Since my cheap, $57 per month rent-controlled slum 1 ½ room apartment was located only a few blocks southeast from Fordham University’s campus off Fordham Road, I would sometimes check out the scene there in early 1971—even before I quit my Writers Guild Office Boy job in early March 1971. Although by early 1971, Fordham University’s campus in the Bronx had campus gates and security guards or campus cops by each entrance, to keep non-student community residents from the Bronx from entering it, I was still able to walk onto the campus without getting stopped by the campus security guards or campus cops. Probably because I was white and still looked young enough then to pass for a Fordham University undergraduate or graduate student.
Also, by early 1971 a minority of the male students at Catholic universities like Fordham, St. John’s, Boston College, etc. now had long hair and/or beards and now looked more like hippies and freaks.
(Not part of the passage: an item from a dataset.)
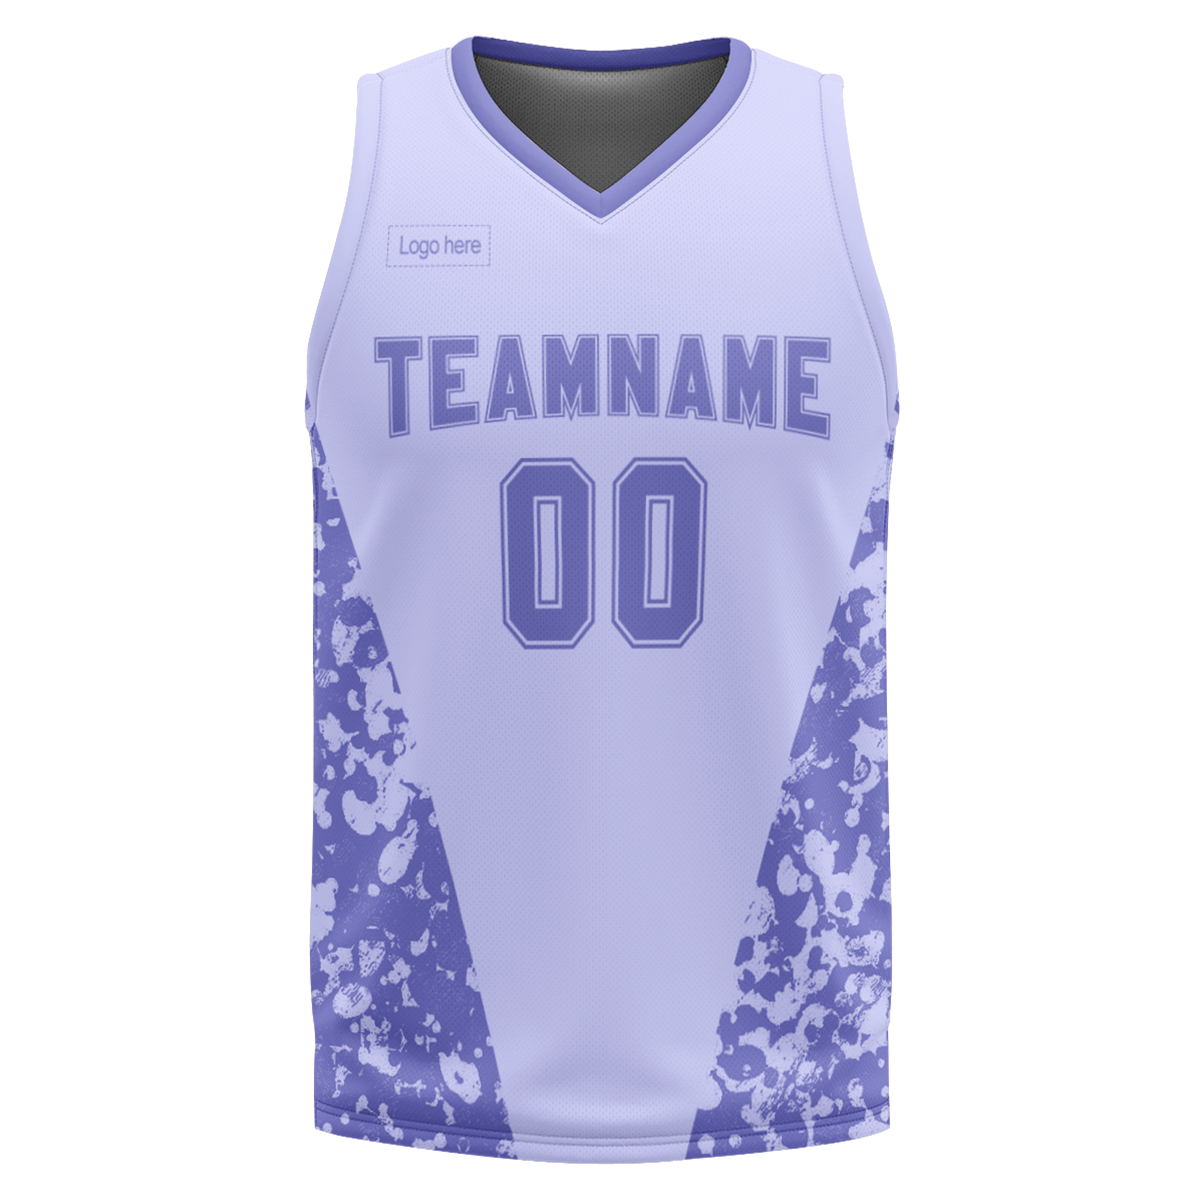 custom-cool-design-basketball-shirts-unisex-sublimation-print-on-demand-basketball-uniforms-at-cj-pod-4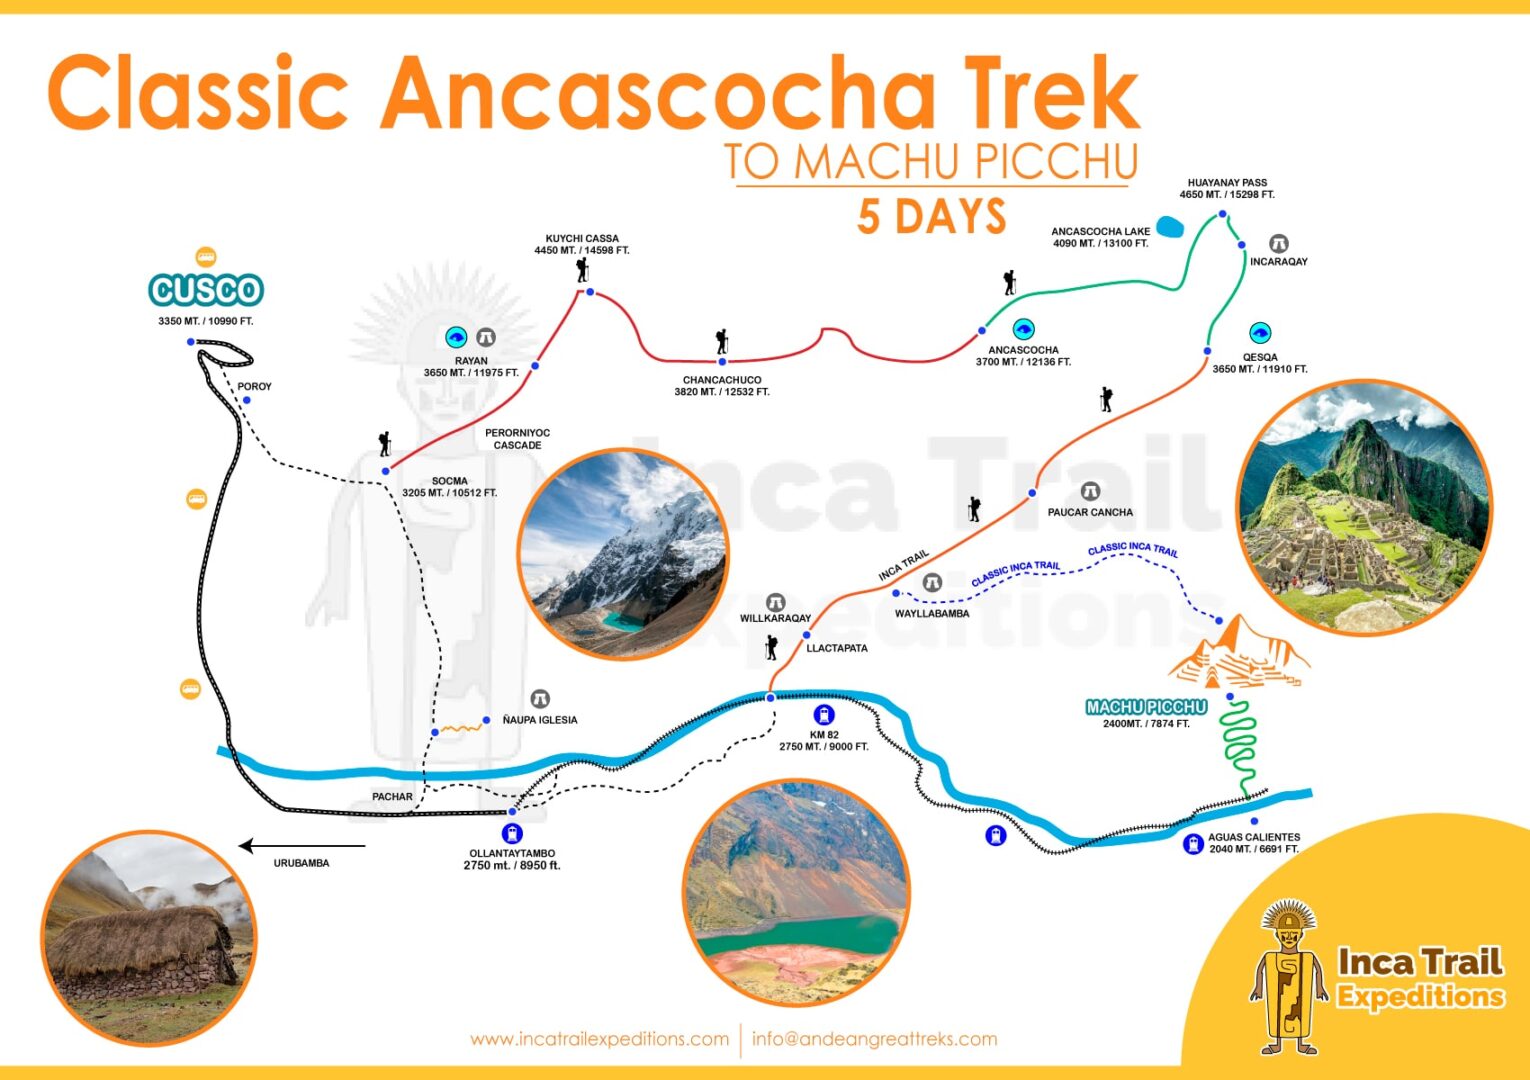 ANCASCOCHA-TREK-TO-MACHUPICCHU-5-DAYS-BY-INCA-TRAIL-EXPEDITIONS

So by 1971 when a bearded, long-haired hippie freak like myself walked onto a then-predominantly white Catholic campus like Fordham University, he no longer stood out as much or was as noticeable to the campus security guards as he would have been during the mid-1960s.
So on one weekend evening, during the winter in early 1971, I had no difficulty sneaking onto the Fordham University campus. After walking past some of the dormitories, I then stumbled upon a big room where the Shirelles female singing group was giving a concert and where it sang the “Soldier Boy” song hit of the late 50s or early 60s.
I don’t remember much else about the Shirelles’ concert, probably because I had drunk some beer and smoked a joint in my apartment before walking onto the Fordham campus. But I recall that I felt that while many of the Fordham University women undergraduate students in the early 1970s seemed physically attractive to me, they didn’t seem to give off as hip a vibe as did the women undergraduate students at the non-Catholic colleges such as Barnard-Columbia, NYU-Washington Square, NYU-Uptown, Richmond College on Staten Island, Indiana University, Radcliffe-Harvard or Queens College of that historical era. And in early 1971, you still didn’t get the sense that the students at Fordham University were smoking pot and using psychedelics as much as did the students at Columbia in the late 1960s.
Fordham women undergraduates at the Shirelles concert did remind me somewhat, though, of a blonde-haired college-age woman from College Point whom I had met at a bar when I lived in Jackson Heights in the Fall of 1969. No longer do I recall the name of the blonde young woman from College Point. But after we danced a few times I felt physically attracted to her enough to offer to take the subway back to Main Street Flushing with her, where she could then catch her bus to College Point, where she still lived with her parents.
But by the time we arrived at Main Street Flushing, I realized that she had pretty much been unaffected by the Vietnam War and the Movement of the 1960s; and she seemed to realize that my future financial prospects didn’t look promising enough for her to ever consider me for the role of potential husband for her and potential father for her children that she was apparently looking for some guy to fill. So I felt there was no point in asking for her phone number before we kissed goodnight and she got on the bus to head back home to College Point.